_MATERIAL PROVIDED_:
+ + + + +

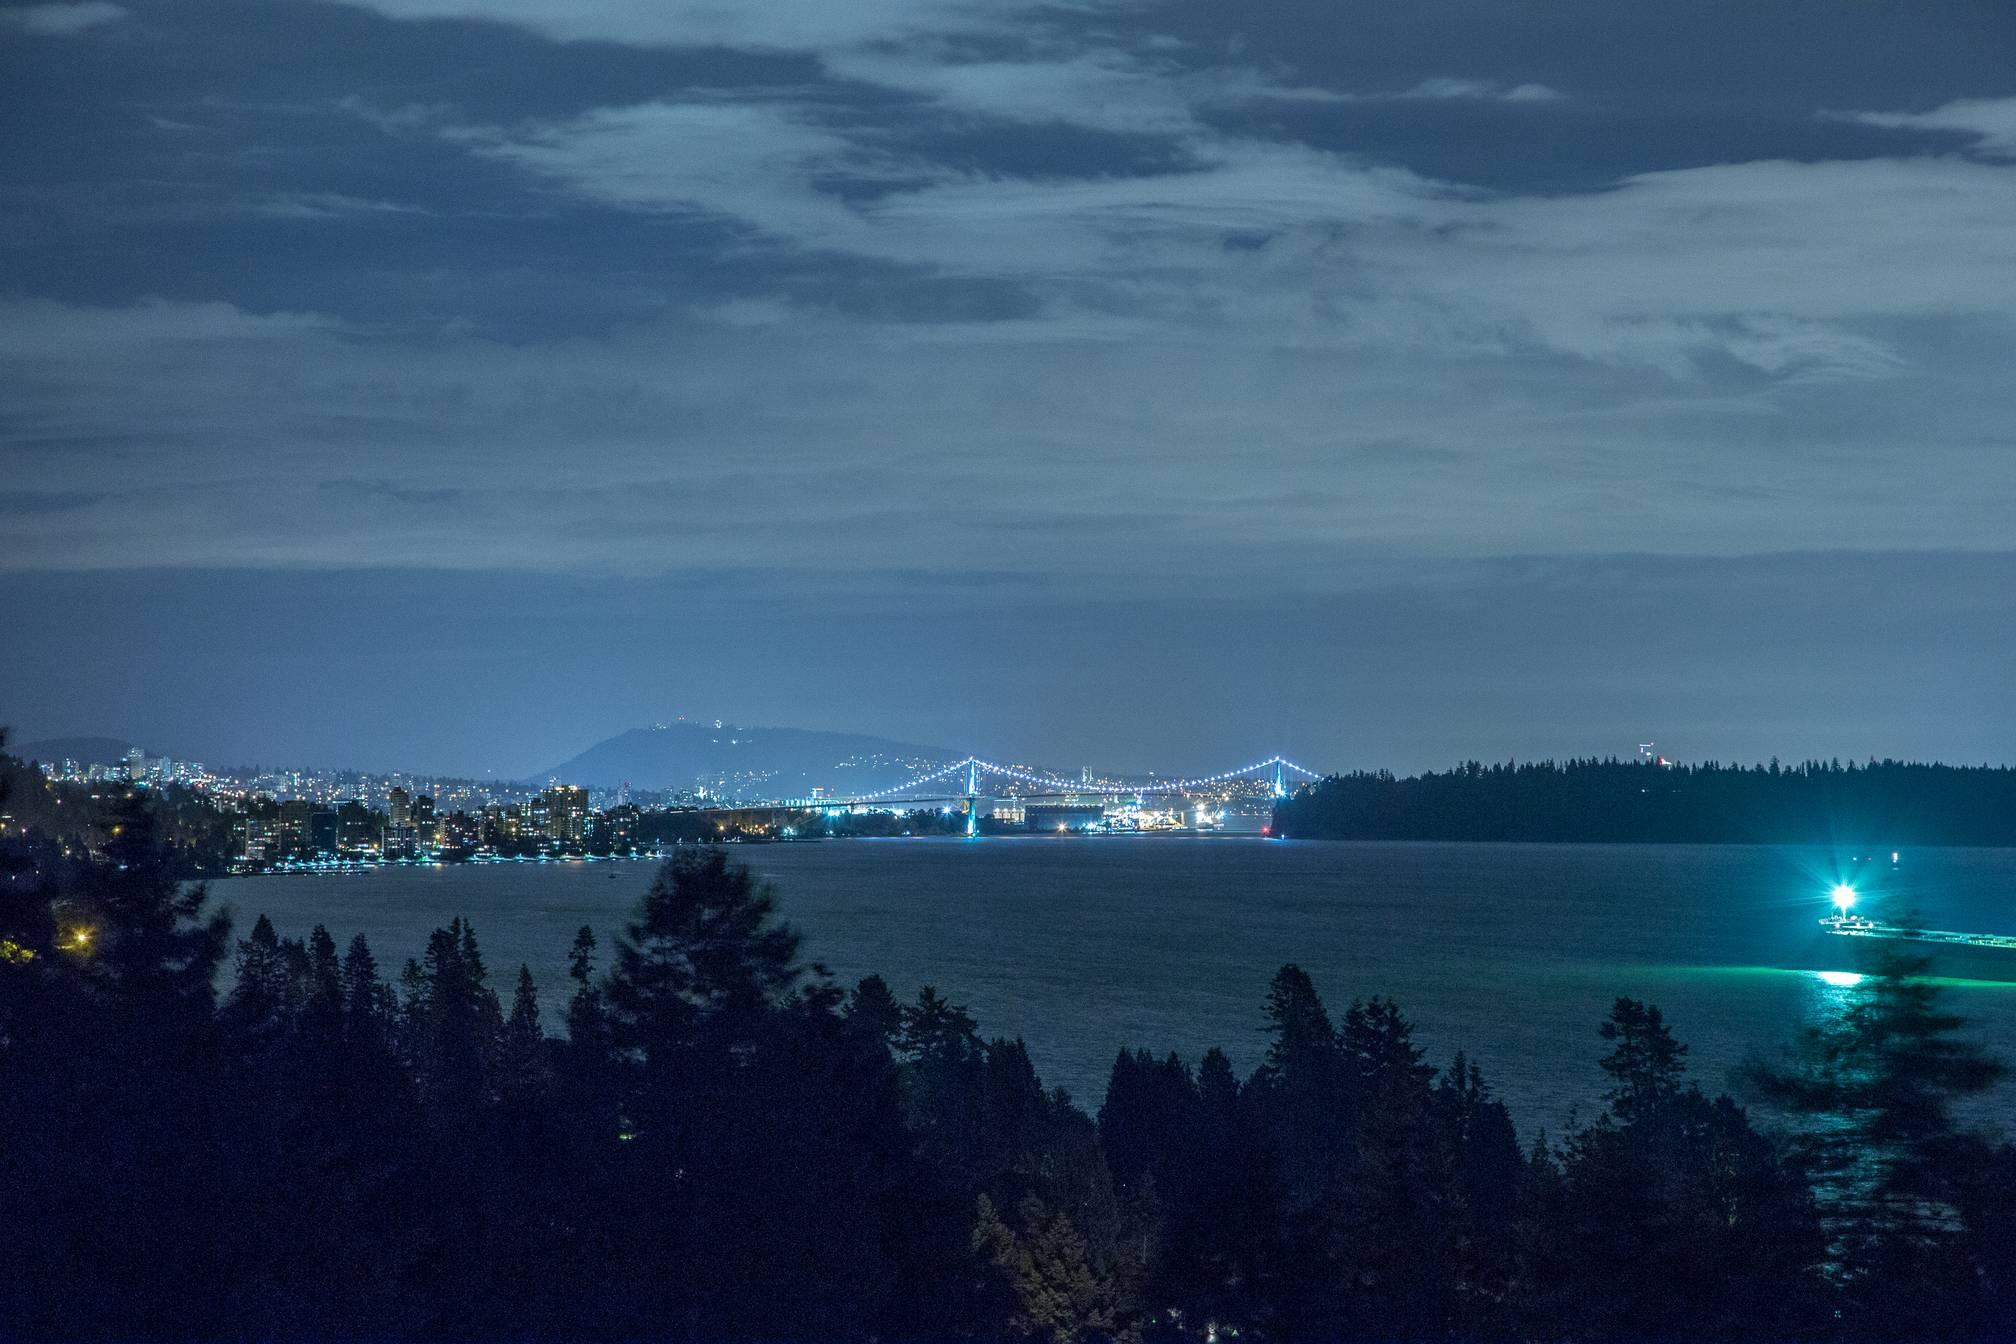 4672 Clovelly, Caulfeild, West Vancouver 2
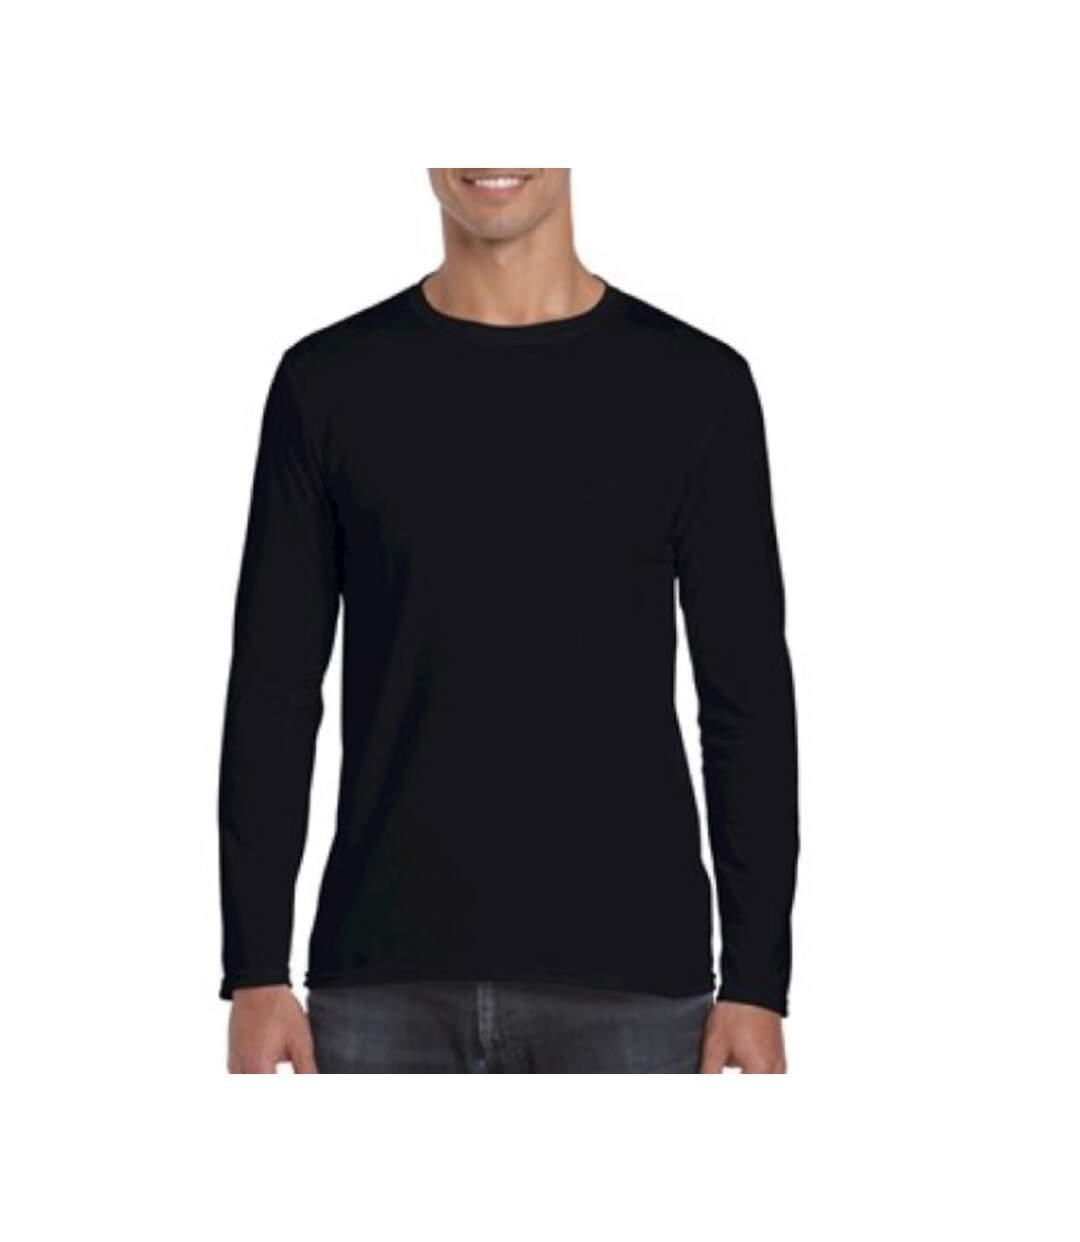 Gildan Mens Soft Style Long Sleeve T-Shirt (Pack Of 5) (Royal) - UTBC4808
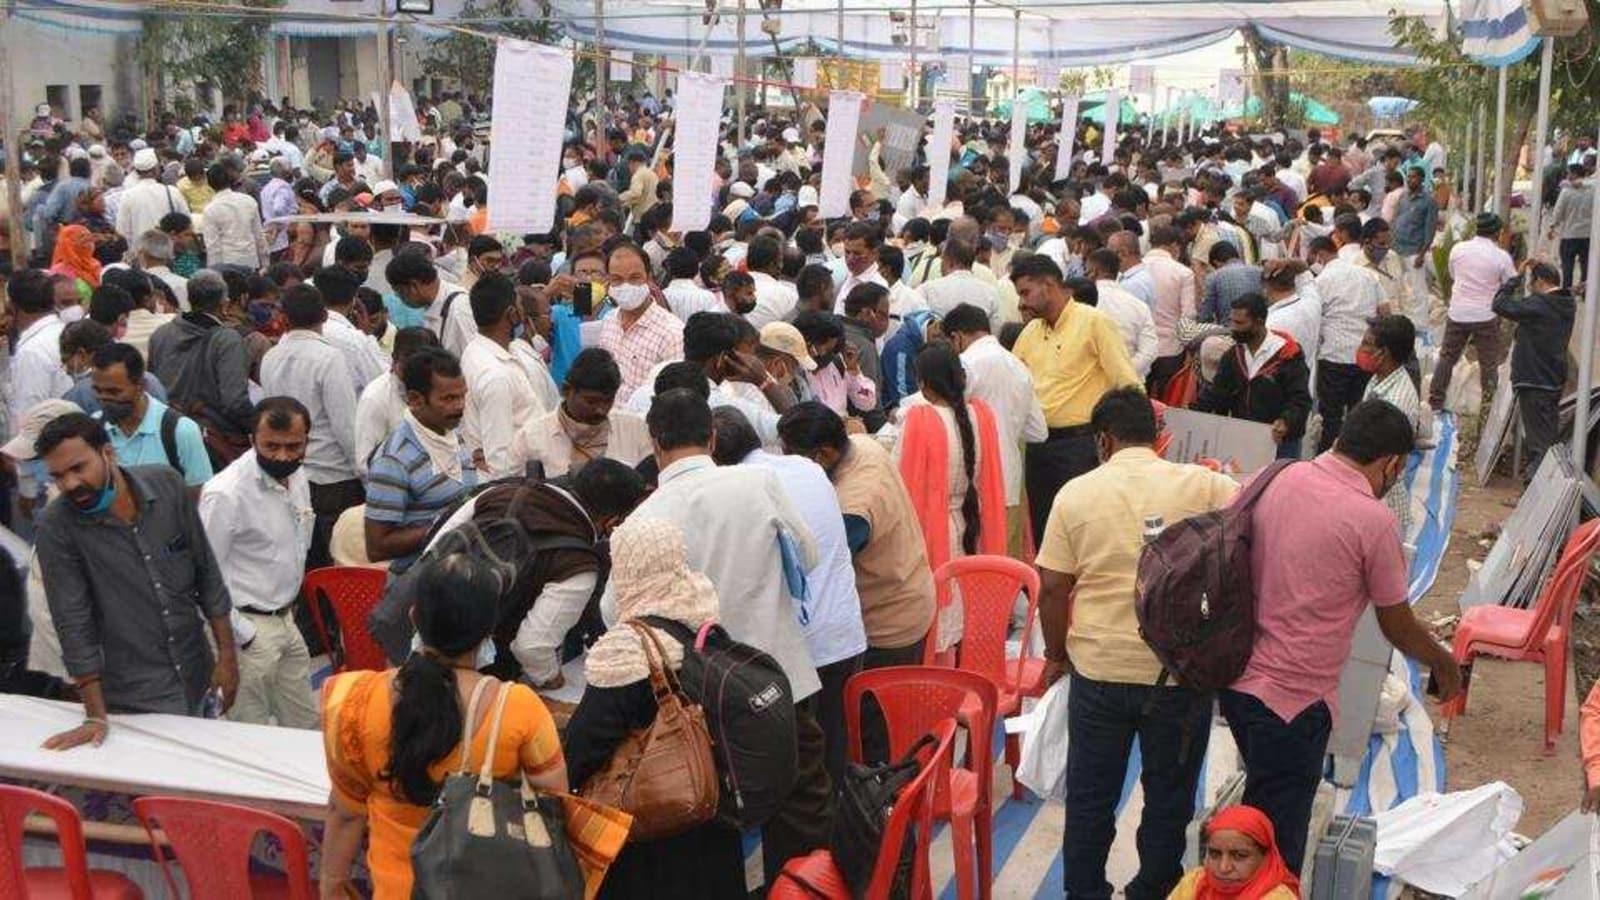 Maharashtra Panchayat Election Results 2021 Live: Shiv Sena, BJP neck to  neck with 390 panchayats each | Hindustan Times
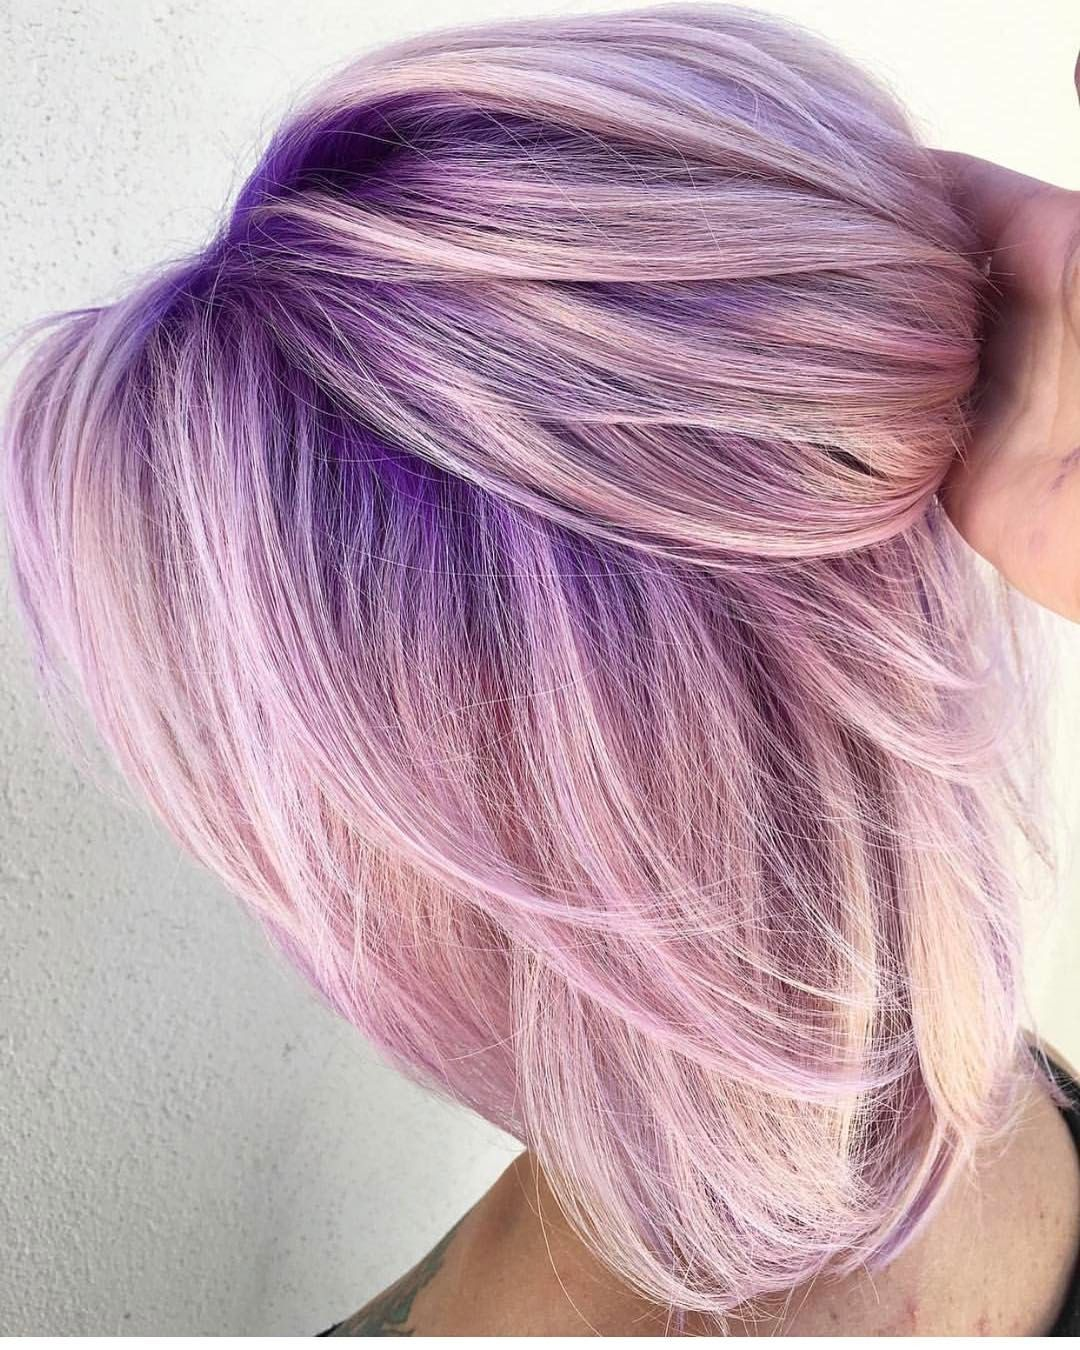 Pin by liz delahunty on hair pinterest hair unicorn hair and

+ + + + +

_INSTRUCTIONS TO FOLLOW_: Could you write out the whole listing exactly, skipping every picture?

_RESULT OF THIS EXERCISE_:
 4672 Clovelly, Caulfeild, West Vancouver 2
 Gildan Mens Soft Style Long Sleeve T-Shirt (Pack Of 5) (Royal) - UTBC4808
 Maharashtra Panchayat Election Results 2021 Live: Shiv Sena, BJP neck to  neck with 390 panchayats each | Hindustan Times
 Pin by liz delahunty on hair pinterest hair unicorn hair and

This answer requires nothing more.